中国人民銀は人民元を弾力的に運用する方針を表明しました。具体的には、2008年7月から1米ドル=6.83元程度で実質的にドルペッグとなっていた人民元を、徐々に切り上げていく方針であるということを意味します。この発表後、人民元は非常に緩やかにではありますが、切り上げ方向に向っており、1米ドル=6.792元程度まで切り上がってきました。もっとも、中国政府としては為替を切り上げることは輸出に不利に働きますから不利です。これに加えて、かつての日本の状況を見ているために急激な切り上げや、当たり前ですが、人民元の解放は行わないでしょう。
日本もかつては1米ドル=360円の固定相場でしたが、変動相場制に移行して、最終的には1米ドル=80円を切るまでの円高に向っていきました。
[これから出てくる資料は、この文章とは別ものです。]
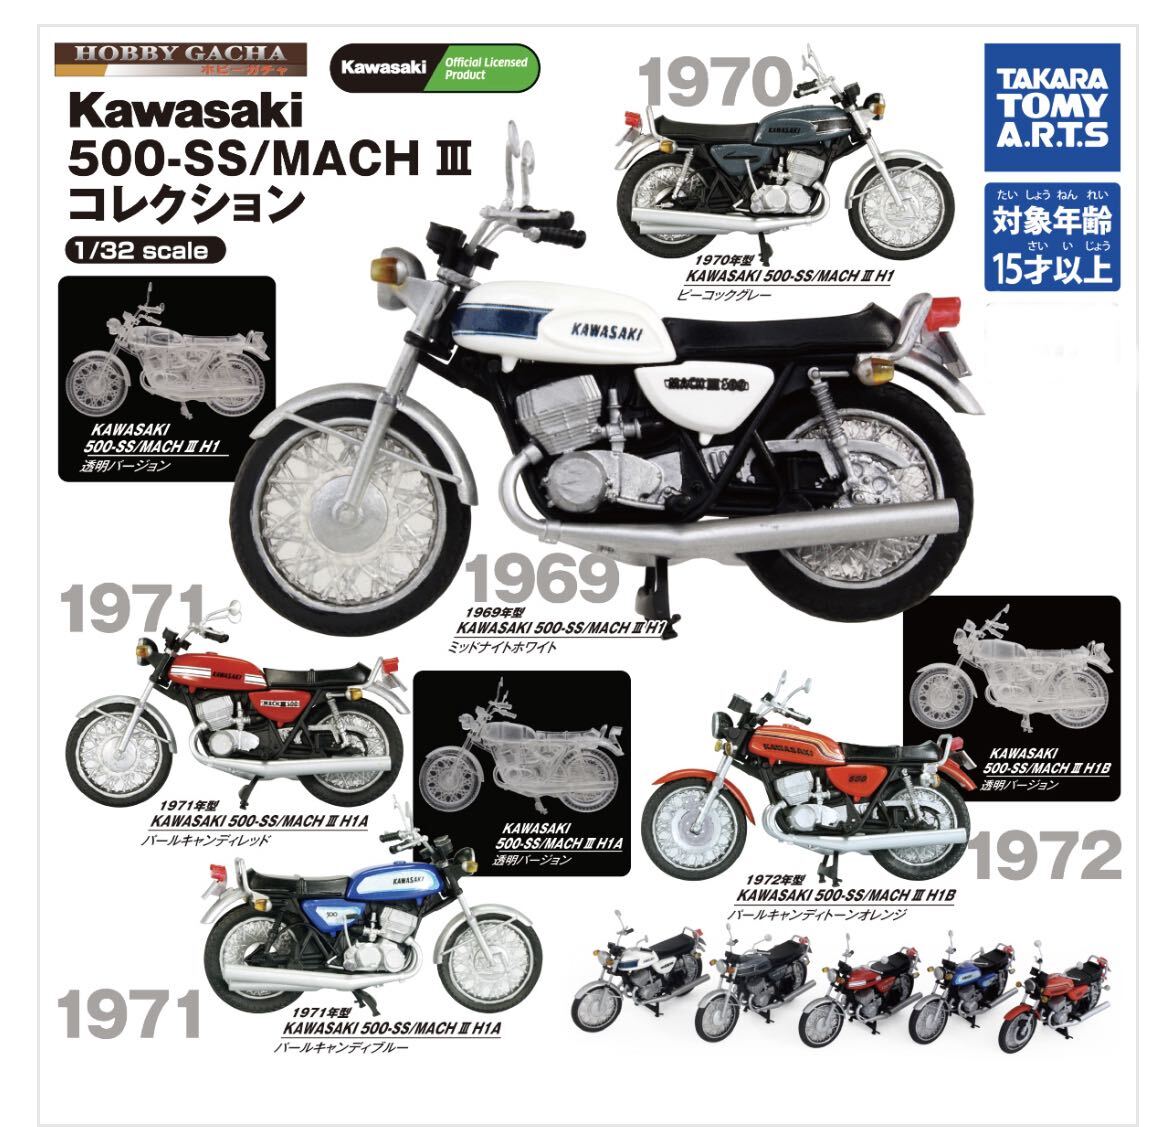 KAWASAKI 500-SS/MACH III コレクション 1969年型 H1 ミッドナイトホワイト バンダイ ガチャ 新品未使用品_画像2

その過程では、円高になる、しかも円が切り上がることによって、輸出は駄目だけど、それを放っておけない日本政府が内需拡大策をとることによって企業業績は思いのほか改善し、株価も上昇するといった感じで、外国人からすれば株と為替がダブルで上昇し格好の投資対象だったわけです。それならもっと投資しようと言うことで、日本に対する一層の資金流入が起こり、スパイラル的な株高へと進んでいったわけです。ここで日本に大量に流れてきた資金が株と不動産に流入して起こったのが1980年代後半のバブルです。もちろん、ご周知のとおりこのバブルは弾けてしまって日本経済に甚大な影響を与えたわけですが、この過程を見ている中国にとっては、容易に為替を解放しないし、上昇させないでしょう。日本にはそれを拒否するだけの力がなかったわけですが、今の中国にはそれを押し通せる力があります。
もっとも、そうはいっても、人民元はコントロールされながらも非常に緩やかに切り上げ方向に向うことにはなります。では、それを踏まえて何を買えばいいかと言うことですが。以前にも指摘したように航空、輸入業者、食品など原料を海外から輸入するメーカー、不動産、銀行などがメリットを受ける銘柄と考えられます。しかし、ここで言いたいことは、中国は従来のようなインフラと輸出ではなく、内需(消費文化)にこそ有望性があり、人民元高はその方向を確実なものとするのではないかということです。輸出が圧力を受ける一方で、国の成長を維持しないと13億人を食べさせていけない中国としては、所得倍増計画を実施して内需を拡大する方向にもっていくしかないからです。ですので、ここから数年は中国の内需関連銘柄に注目をしていくべきと考えます。中国内需関連銘柄には高い成長を遂げているにもかかわらず割安に放置されている銘柄がいくつもあります。